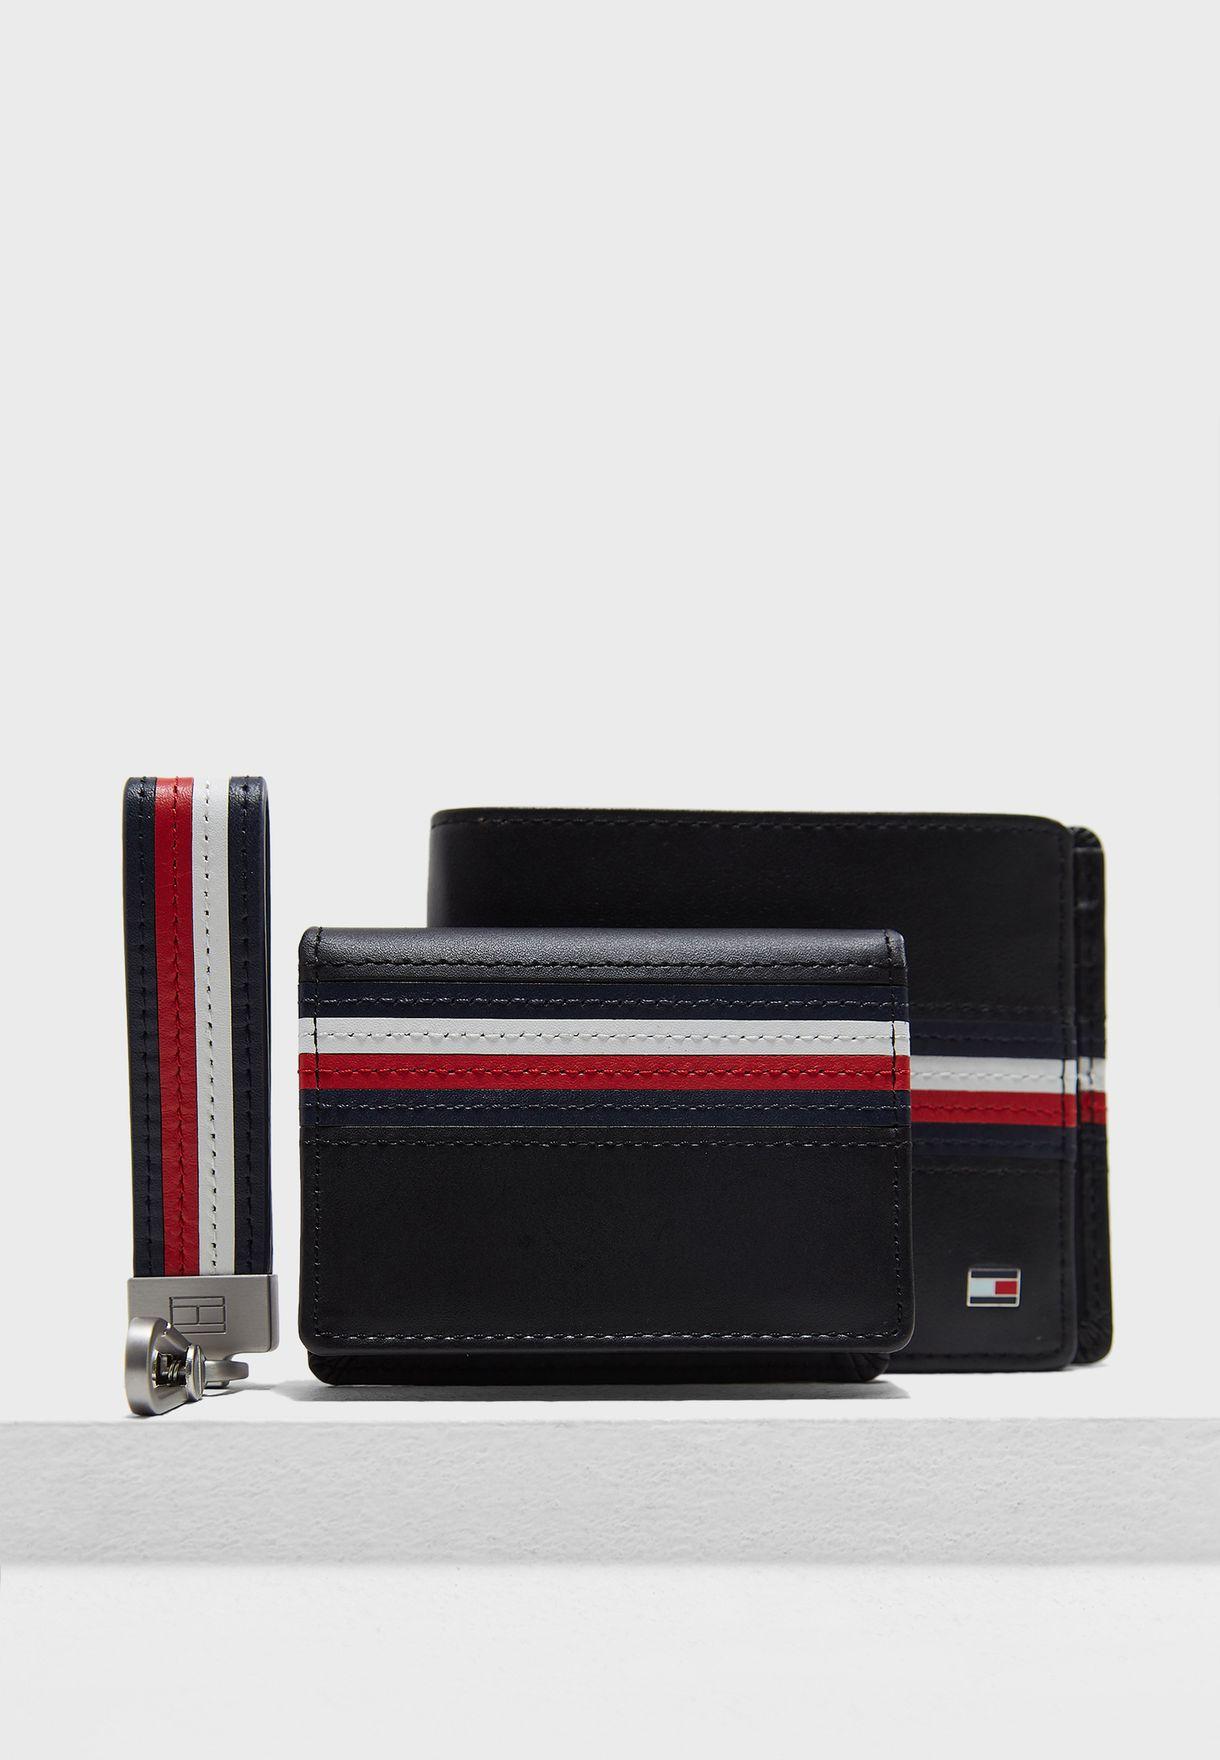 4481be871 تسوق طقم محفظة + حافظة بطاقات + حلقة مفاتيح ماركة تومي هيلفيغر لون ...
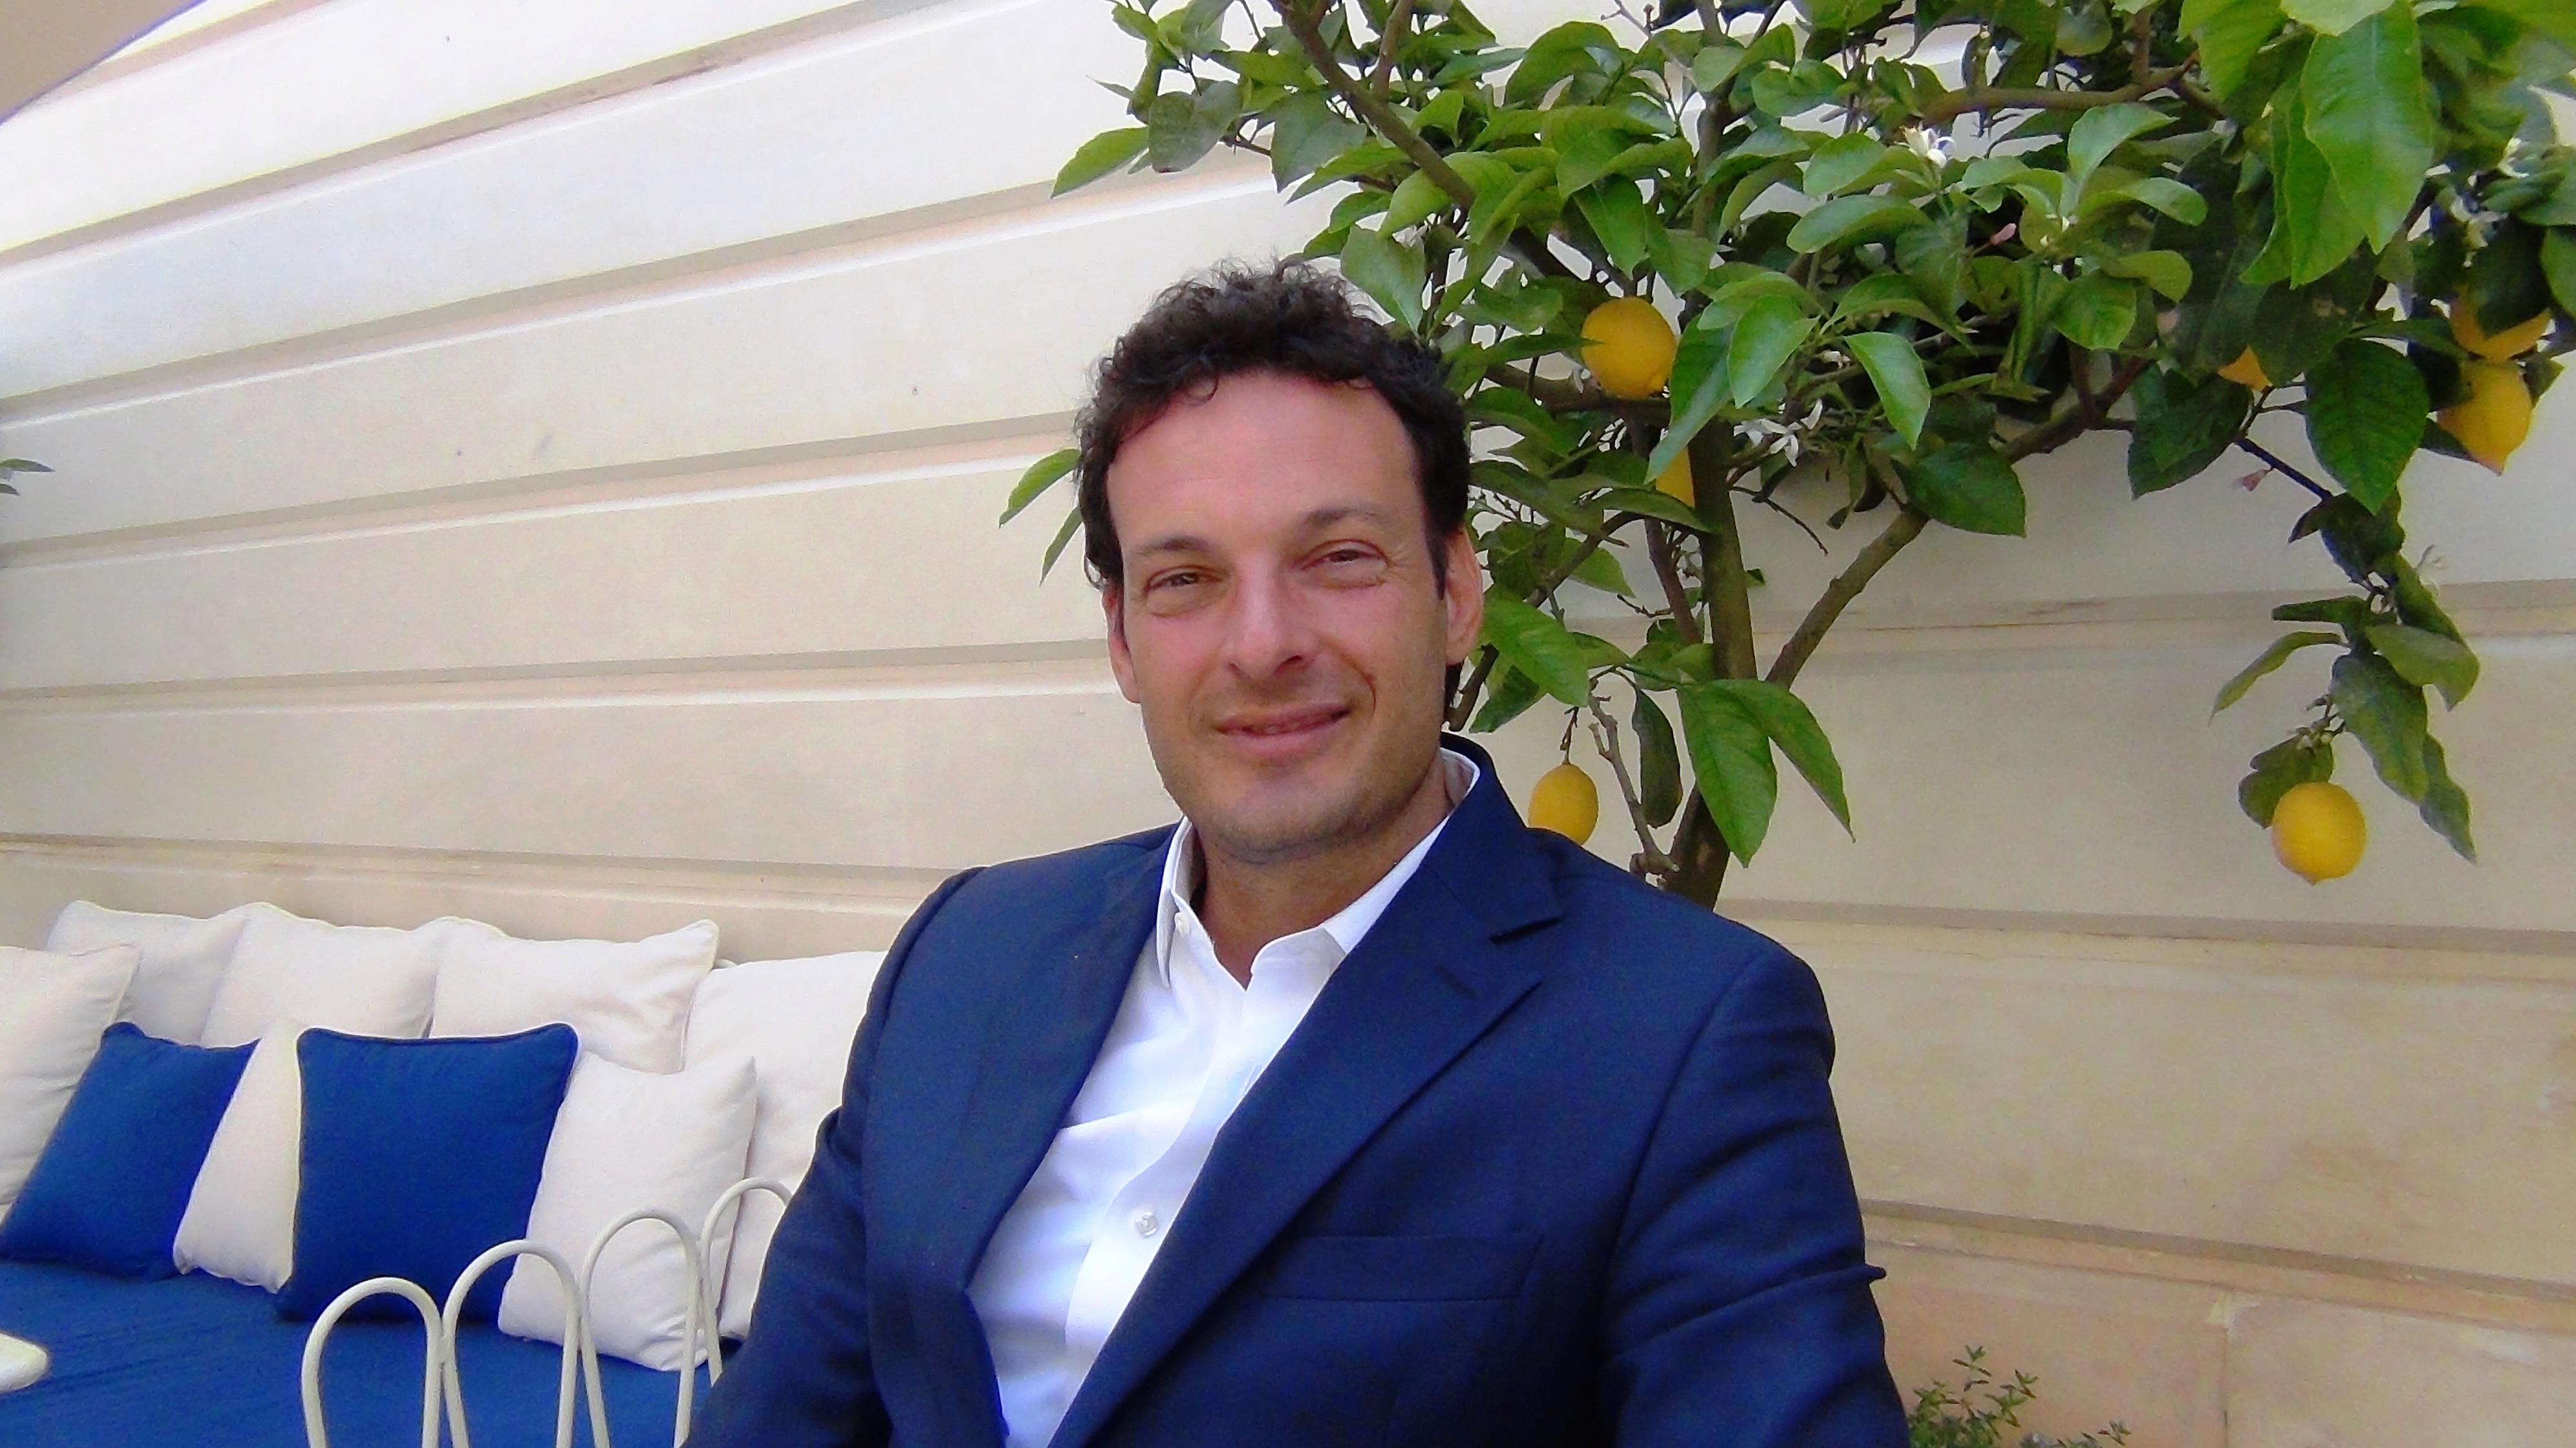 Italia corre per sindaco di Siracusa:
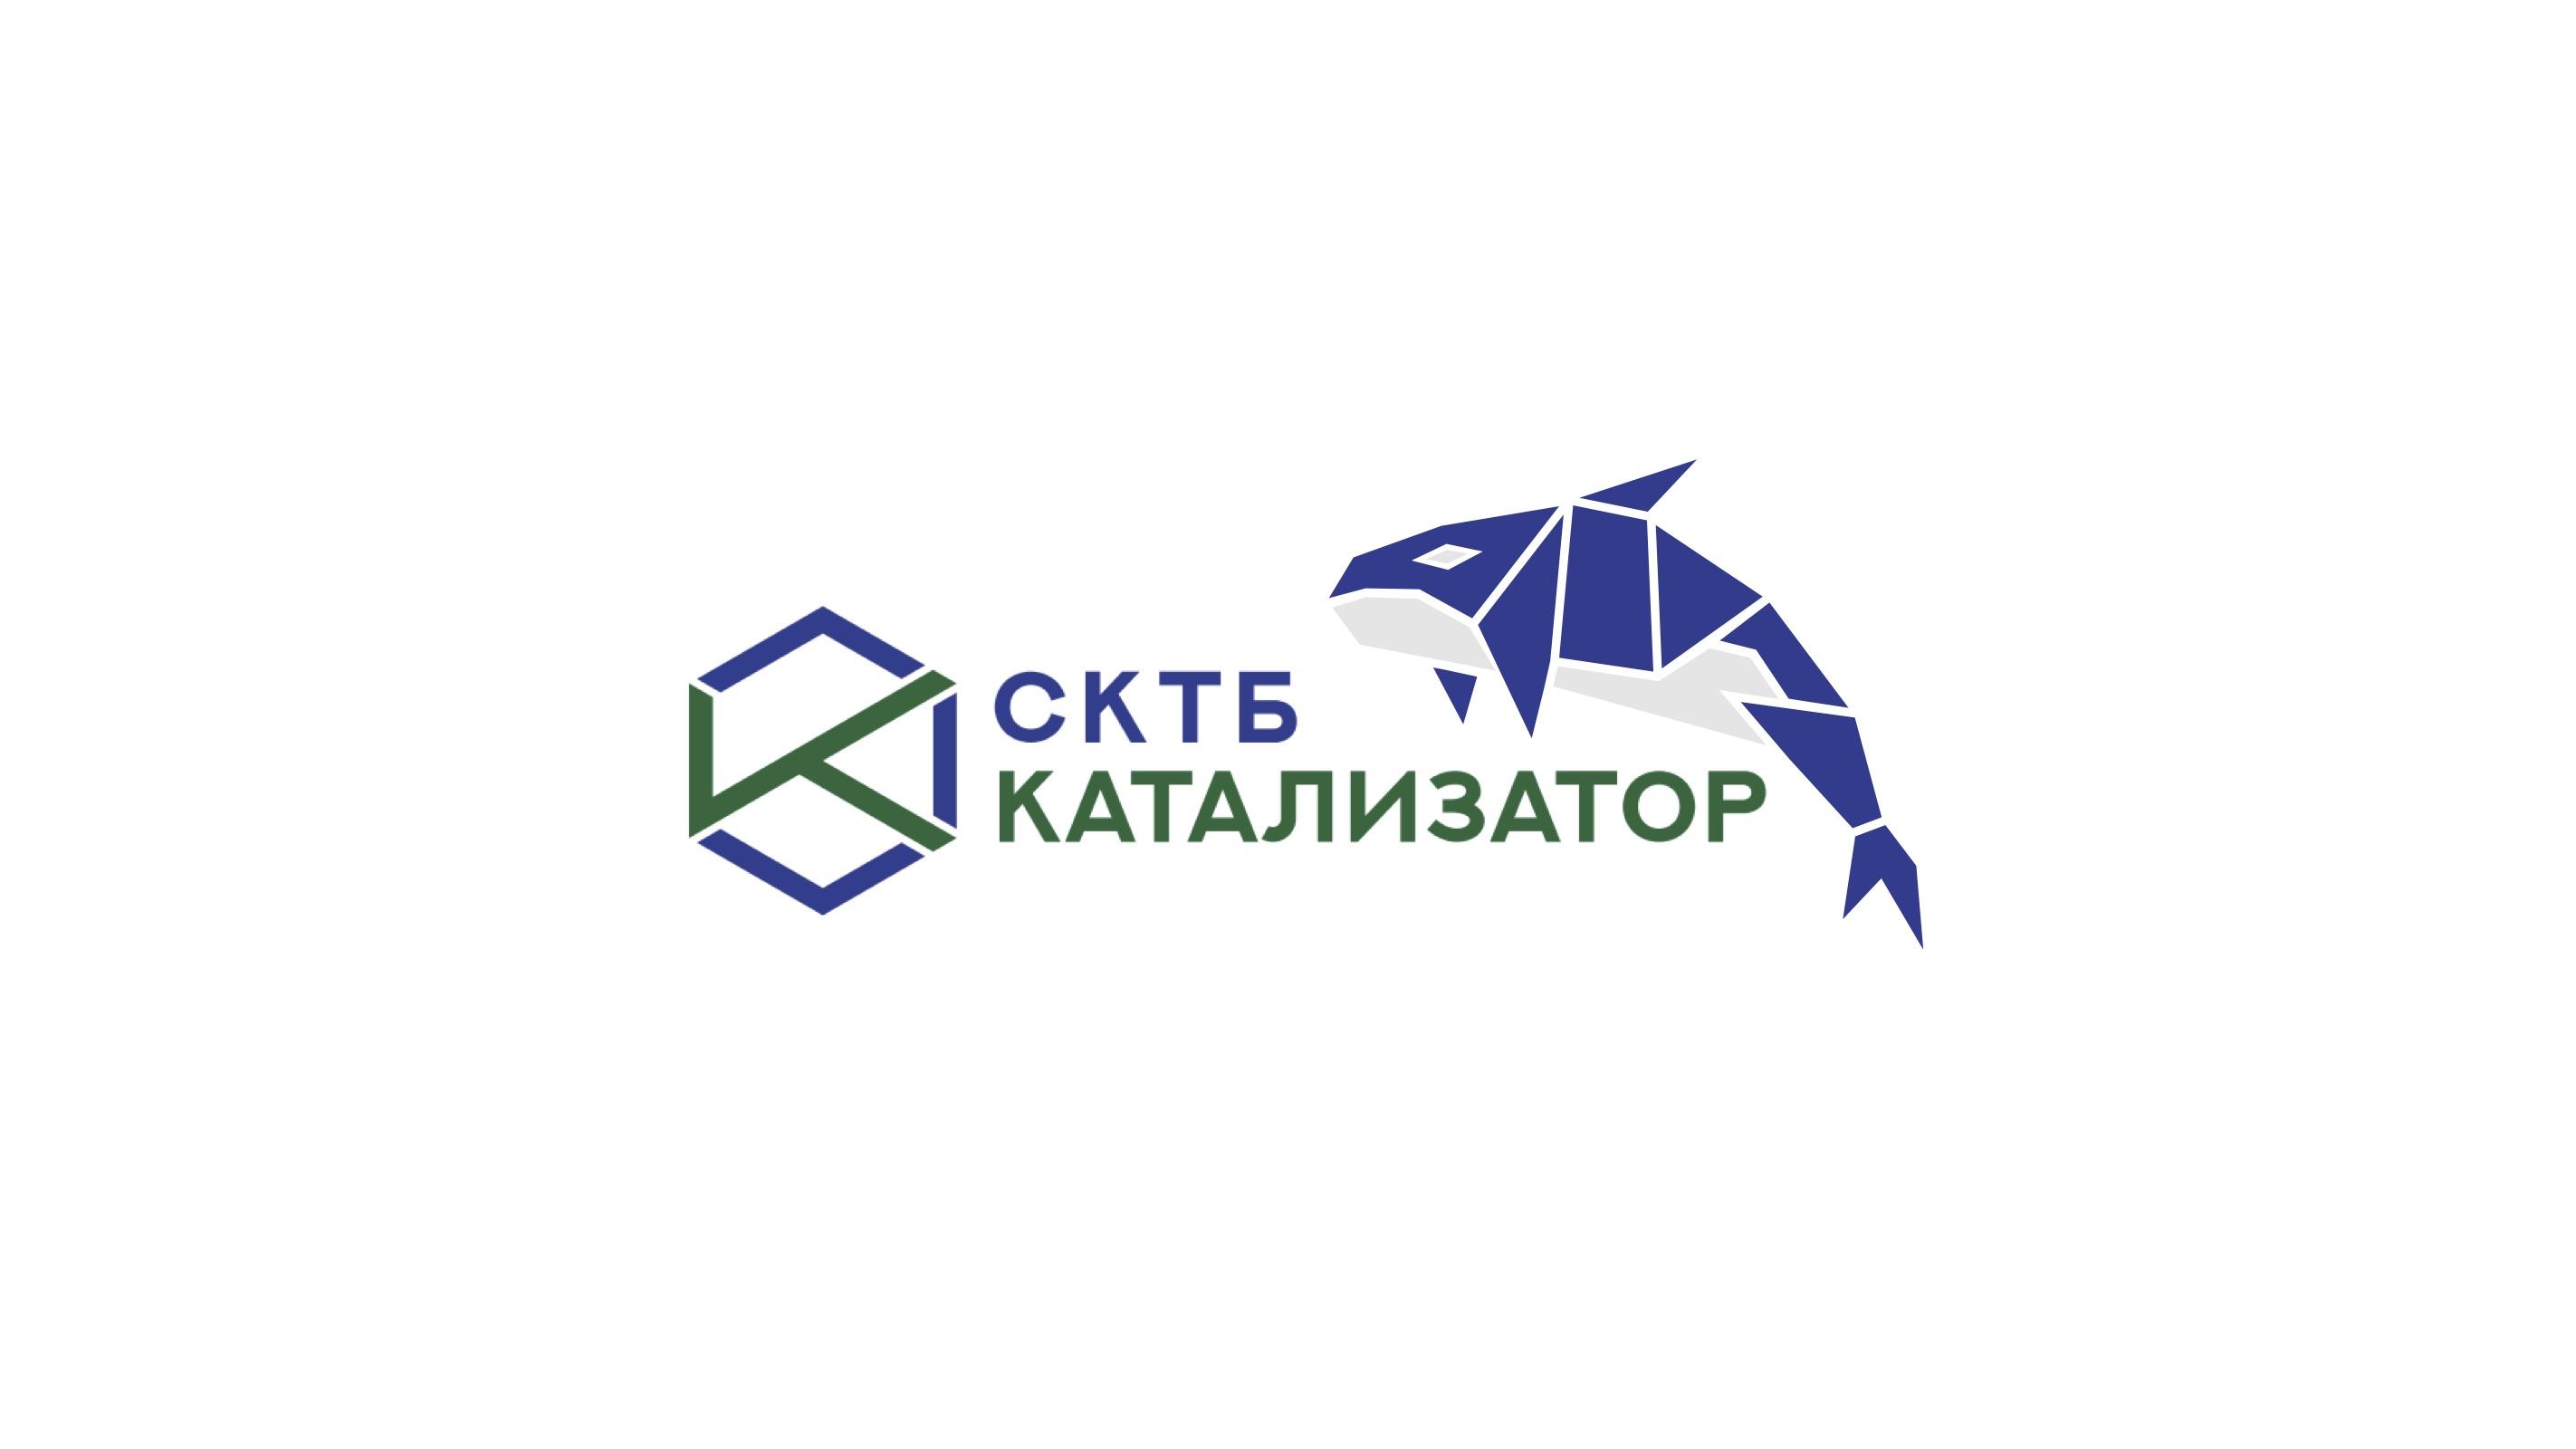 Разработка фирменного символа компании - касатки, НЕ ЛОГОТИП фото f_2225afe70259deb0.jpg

## The problem:
An exact copy of the listing is required, with every image removed.

## Solved exercise:
 4481be871 تسوق طقم محفظة + حافظة بطاقات + حلقة مفاتيح ماركة تومي هيلفيغر لون ...
 Italia corre per sindaco di Siracusa:
 Разработка фирменного символа компании - касатки, НЕ ЛОГОТИП фото f_2225afe70259deb0.jpg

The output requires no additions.